Quanto il mestiere di auditor è conosciuto dalle nuove generazioni e quali competenze vengono richieste in questo settore?Effettivamente non è la prima opzione che viene in mente quando si deve rispondere alla domanda “cosa vuoi fare da grande?”. È un peccato, però, perché si è diffuso il preconcetto che per diventare un auditor sia richiesta un’esperienza pluridecennale. In realtà non è così, perché le competenze si possono assumere sul campo e questo è un lavoro estremamente dinamico e stimolante, che ti mette in contatto ogni giorno con realtà aziendali diverse. Oltre all’esperienza tecnica, che si può formare, sono richieste integrità, imparzialità e indipendenza, ma il vero valore aggiunto sono le soft skill. Perché ci sono mille modi per dire un “no” o non dare una conformità, l’importante è che il messaggio venga passato senza che l’auditor “salga in cattedra”.

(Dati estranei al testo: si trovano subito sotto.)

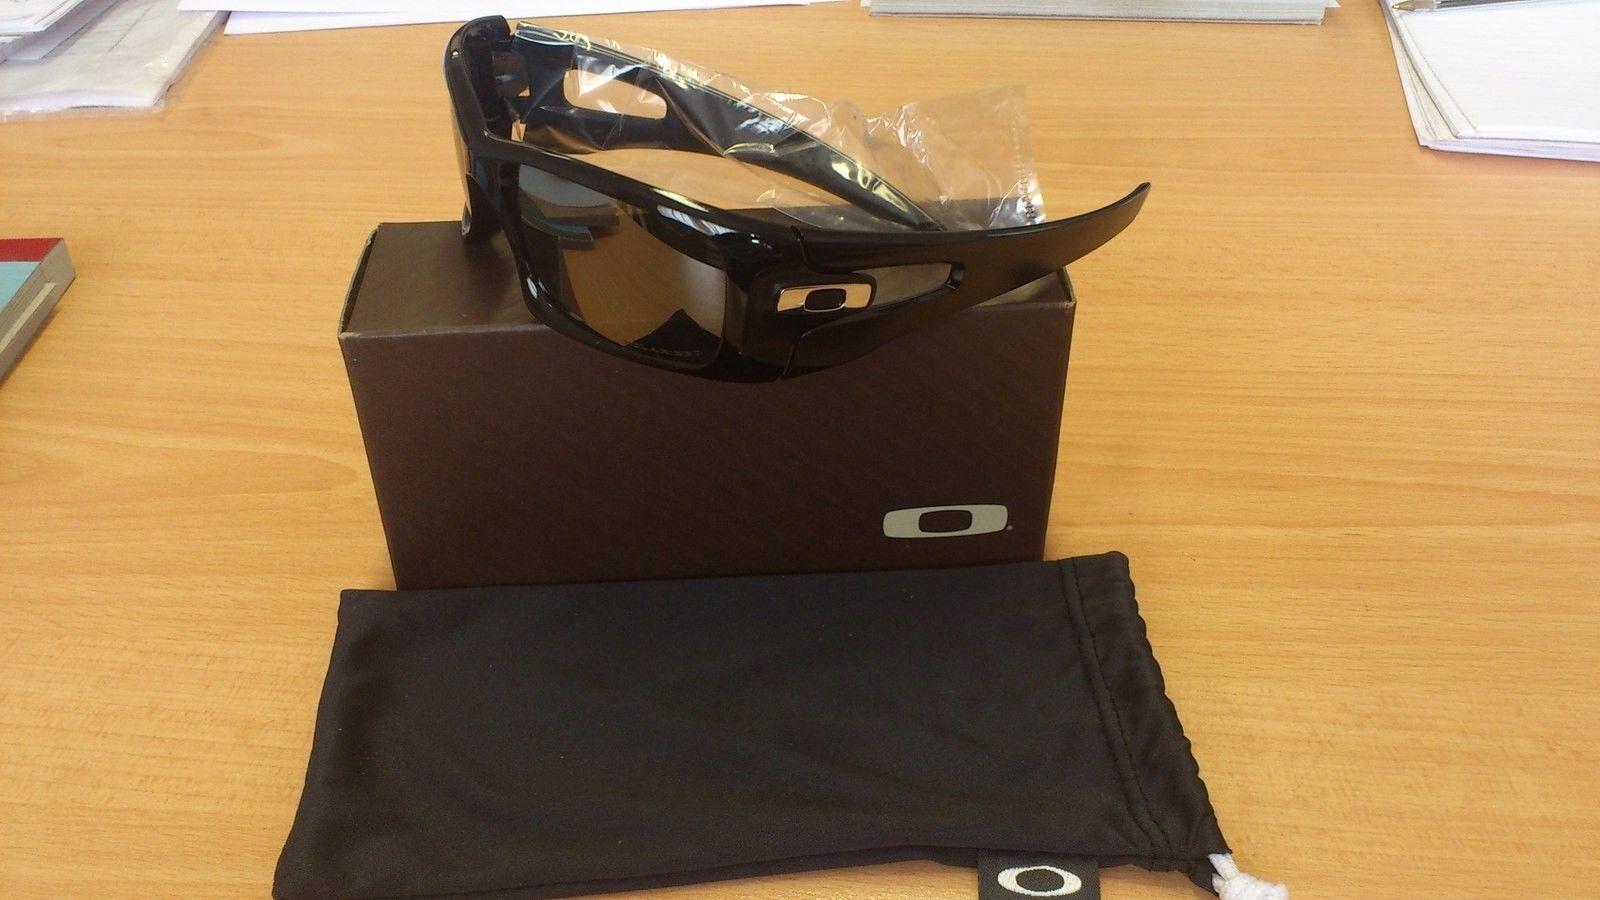 Black Crankcase With Black Iridium Lenses - blackcrank1.jpg

A proposito di formazione, quanto conta per voi in Dnv?Tantissimo. Dal punto di vista professionale siamo obbligati a formarci in continuazione: ogni auditor sostiene esami periodici per mantener le qualifiche ed è soggetto a verifiche da parte degli enti di accreditamento. Accanto alla formazione interna, puntiamo molto sullo sviluppo dei servizi formativi, oggi fondamentali per assicurare alle aziende le competenze di cui c’è bisogno. Avendo a che fare con oltre 80 mila realtà nel mondo, sappiamo realmente cosa succede all’interno delle aziende e questo ci permette di proporre attività formative allineate con gli obiettivi di crescita dei clienti. Per noi il servizio di training è una priorità e lo sarà sempre di più. Già oggi in Italia offriamo un catalogo di circa 150 corsi, con diverse sessioni pianificate mese su mese e suddivise in 12 aree tematiche diverse. Copriamo diverse esigenze, dalle competenze sui sistemi di gestione alla sostenibilità, dalla supply chain al training sulle abilità trasversali e gestionali delle persone fino alla nuova certificazione delle persone e delle competenze, la cosiddetta Personnel certification. Partiamo dalle esigenze specifiche del cliente, che possono essere soddisfatte sia con un catalogo corsi interaziendale o con soluzioni personalizzate.